Depends on how many consumers you have in your consumer group.
If you only have 1 consumer in a group, it will get all the messages from all partitions.
If you have 2 consumers in a group, each will claim a subset of the partitions, e.g. 1st consumer will get all messages from partitions 1 and 2 and the 2nd consumer will get messages from partition 3.
If you have 3 consumers in a group, each will get one partition assigned.
If you have more than 3 consumers in a group, 3 consumers will get one partition each and the remaining consumers will not get any messages, just act as redundancy in case of failover.
The distribution of messages in the partitions is correct if and only if you publish messages without keys. In Kafka it is common to publish messages as (Key, Value) pairs and if you produce messages this way then the default partitioner will ensure that all messages of the same key will get put in the same partition. It does this by using a hashing function on each of the keys that maps to one of the available partitions. In the extreme case where all your messages have the same key, then they would all go to the same partition. If your messages all had either a string key "foo" or a key called "bar" then all the messages with key "foo" may go to partition 3 and all the messages with key "bar" may go to partition 1.
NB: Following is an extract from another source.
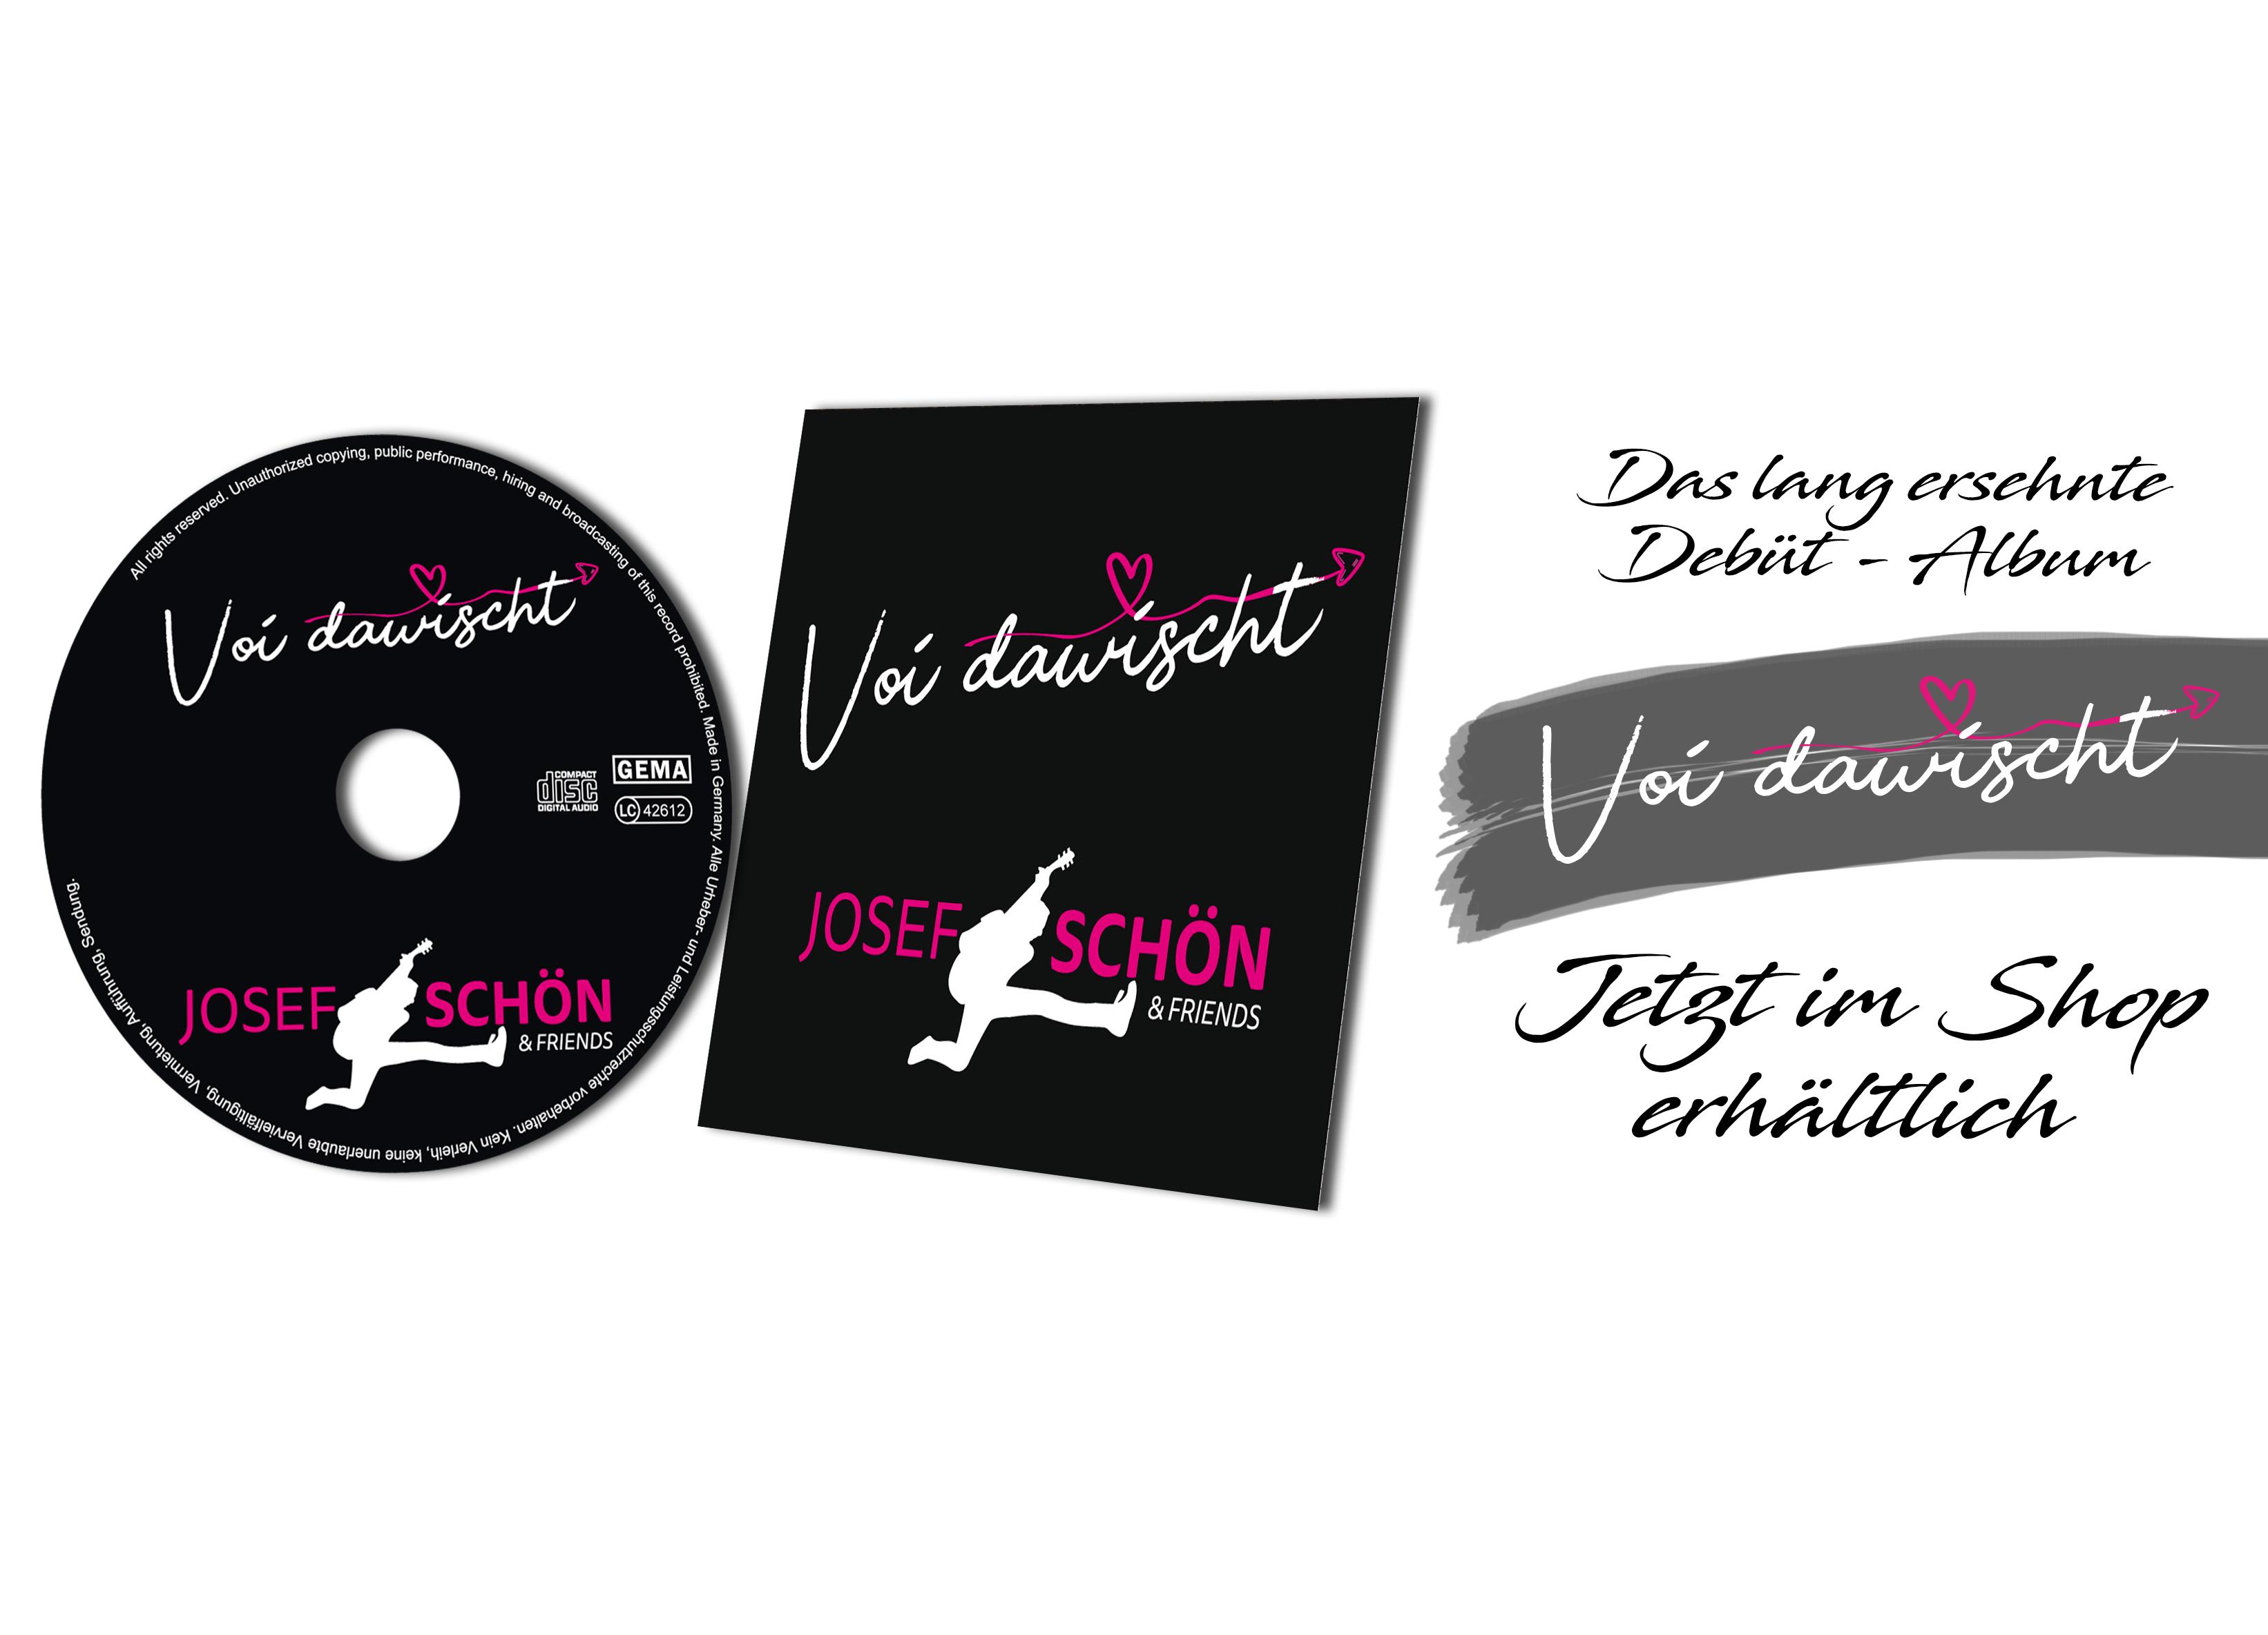 Josef Schön and Friends CD Release Ab jetzt erhätltch

In terms of your question about consumers, you can have an unlimited number of consumers. If each consumer has a unique group.id then they are considered independent and they will each get their own full set of the messages from all partitions.
However if you have consumers that share the same group.id then they are said to be in a consumer group and each will get an exclusive and roughly equal subset of the partitions. If you had 3 consumers in the same group they would get 1 partition each. If you added any more than 3 consumers in the same group then the first 3 will get 1 partition each and all the others will be standby consumers than only become active if one of the 3 active consumers leaves the group.
The distribution of the messages through the partitions is correct in the idea. The partitions are the paralelism unit of Kafka.
You can have 3 consumers which will each handle one partition, but you can also have only 1 consumer which will get the data from the 3 partitions. It depends on the throughput you can have/want for each consumer.
Concerning the consumer groups :
If all your consumers have the same consumer group, the messages will be load balanced over the consumers
If your consumers have different consumer groups, then each messages will be broadcast to all consumer processes
FYI : the messages order is only kept within a partition, that is why messages coming from different partitions could be unordered.